The presence of inflammatory cells in the peritubular capillaries (PTC) represents the second lesion in the category of MVI [3]. Hidalgo et al. performed IHC for CD3, CD68 and CD56 on 18 biopsies that were diagnosed as C4d positive-AMR, C4d negative-AMR and TCMR and found an increased number of CD68⁺ macrophages (p = 0.03) and CD56⁺ NK cells (p = 0.006) in the PTC in cases of AMR, independently of C4d staining, as opposed to TCMR [17]. In a study conducted by our group using multiplex IF, we found in the PTC a higher proportion of T lymphocytes during AMR and TCMR (81.1% and 87.6% respectively), than macrophages (14% and 10.5%, respectively) and NK cells (4.8% and 2.0%, respectively). However, the density of NK cells and macrophages were significantly higher in AMR compared to TCMR (4.7 ± 1.2 vs. 1.5 ± 0.5/mm², p = 0.01 for NK cells and 11.6 ± 2.5 vs. 5.0 ± 1.5/mm², p = 0.02 for macrophages) [19]. These results were not aligned with those from an older study by Liptak et al. that used electron microscopy and showed that monocytes represented 59% of cells in the PTC, while granulocytes and lymphocytes represented 14% and 12% respectively in a series of 12 AMR biopsies [26].

Computer-assisted counting of immune cells (CD20 for B lymphocytes, CD138 for plasma cells, CD4 or CD8 for T lymphocytes, CD56 for NK cells, FoxP3 for T regulatory cells, CD68 for macrophages with pSTAT1 or cMAF, to distinguish M1 and M2 macrophages respectively) using IHC on serial sections was used to characterize inflammatory infiltrates in different types of rejection [20]. Aguado-Dominguez et al. showed that T cells and non-polarized CD68⁺ macrophages represented 40% and 36%, respectively, of the total inflammatory cells found in the interstitium during AMR [20]. When further investigating T-cell subtypes, 21% were CD4⁺, 15% CD8⁺ and 4% FOXP3+. Even though this study analyzed only the interstitial compartment, clustering analysis revealed a correlation between NK cells and active AMR. Interestingly, they found that the cellular composition greatly varied across patients within the same diagnosis category, and failed to identify a unique profile associated with a given type of rejection [20].

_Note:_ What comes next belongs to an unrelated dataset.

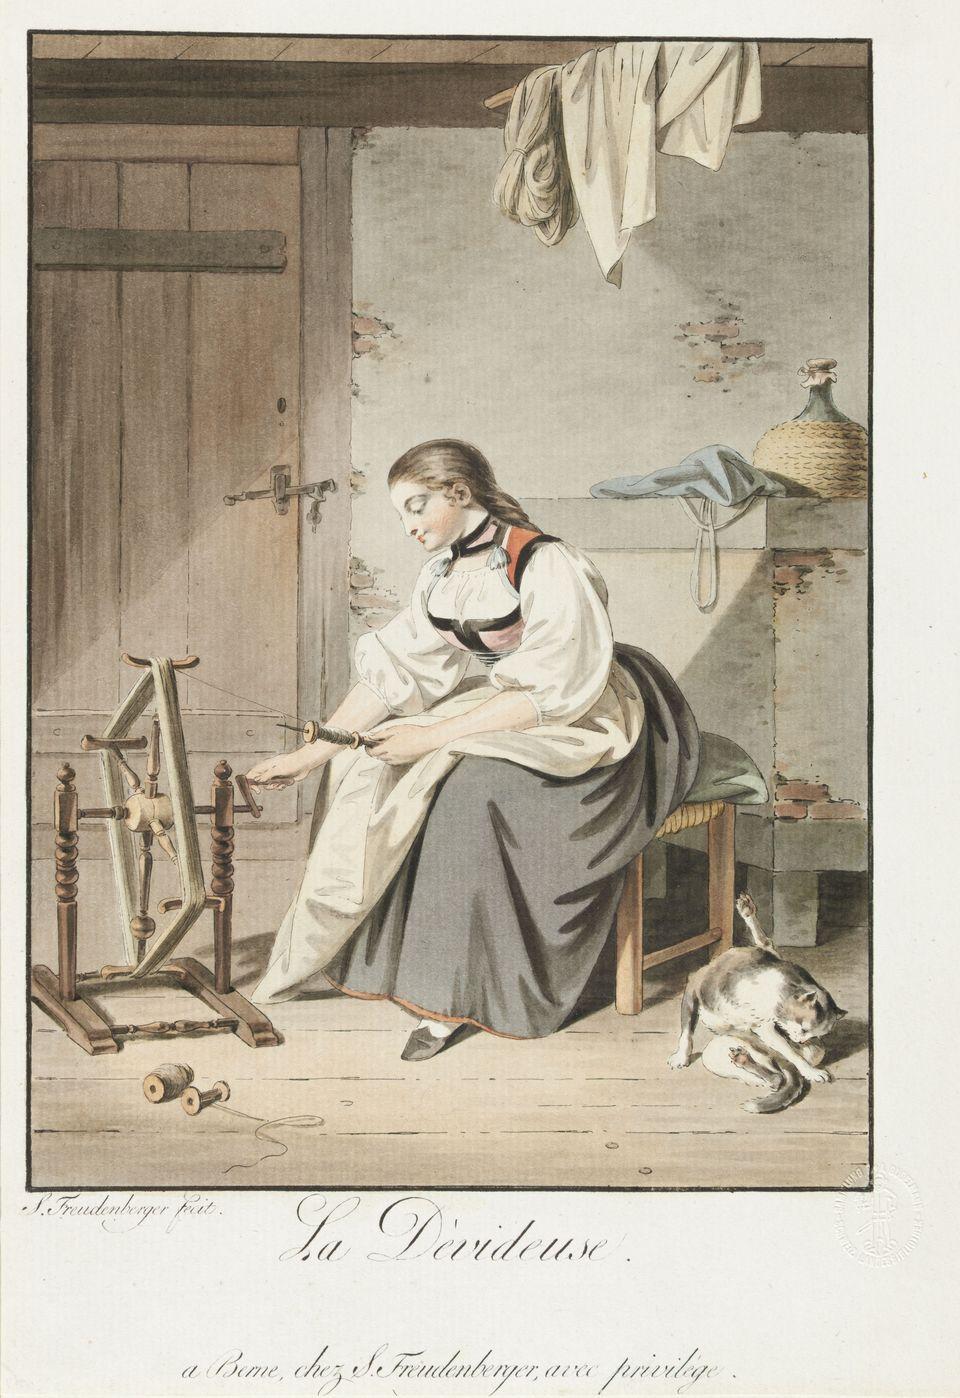 Sigmund Freudenberger 1794 La devideuse

Sicard et al. automatically quantified CD20⁺ cells, CD3 + cells, CD68⁺ cells and granulocytes using conventional IHC on serial slides in 52 AMR biopsies and showed that the extent of CD68⁺ macrophage infiltration was the sole predictive factor associated with subsequent graft function. The more intense the macrophage infiltrate in the interstitium and in the PTC the greater the rate of graft loss [21]. Furthermore, patients with a high macrophage density also had higher expression of C4d and a higher score of interstitial inflammation and tubulitis according to the Banff classification [21].

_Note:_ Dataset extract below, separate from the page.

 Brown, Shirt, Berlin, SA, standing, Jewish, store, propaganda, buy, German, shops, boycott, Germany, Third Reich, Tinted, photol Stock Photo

The prognosis value of macrophages probably results from their instrumental role in the priming and polarization of the adaptive immune response [29–31]. From a functional point of view, macrophages have been classically divided into M1 with a pro-inflammatory phenotype, while M2 macrophages are rather considered as anti-inflammatory and pro-fibrotic [32]. Using IHC in a cohort of 55 AMR samples, Kim et al. stained M1 and M2 macrophages using MRP8/14 and CD163 markers respectively [33]. They found that glomerular M2 macrophages were associated with chronic transplant glomerulopathy and poorer graft function, whereas tubulointerstitial M2 macrophages were associated with lower MVI and lower arteritis than the M1 polarization group [33]. The group also found a trend toward longer graft survival in patients that had higher numbers of glomerular M1 (p = 0.175) [33].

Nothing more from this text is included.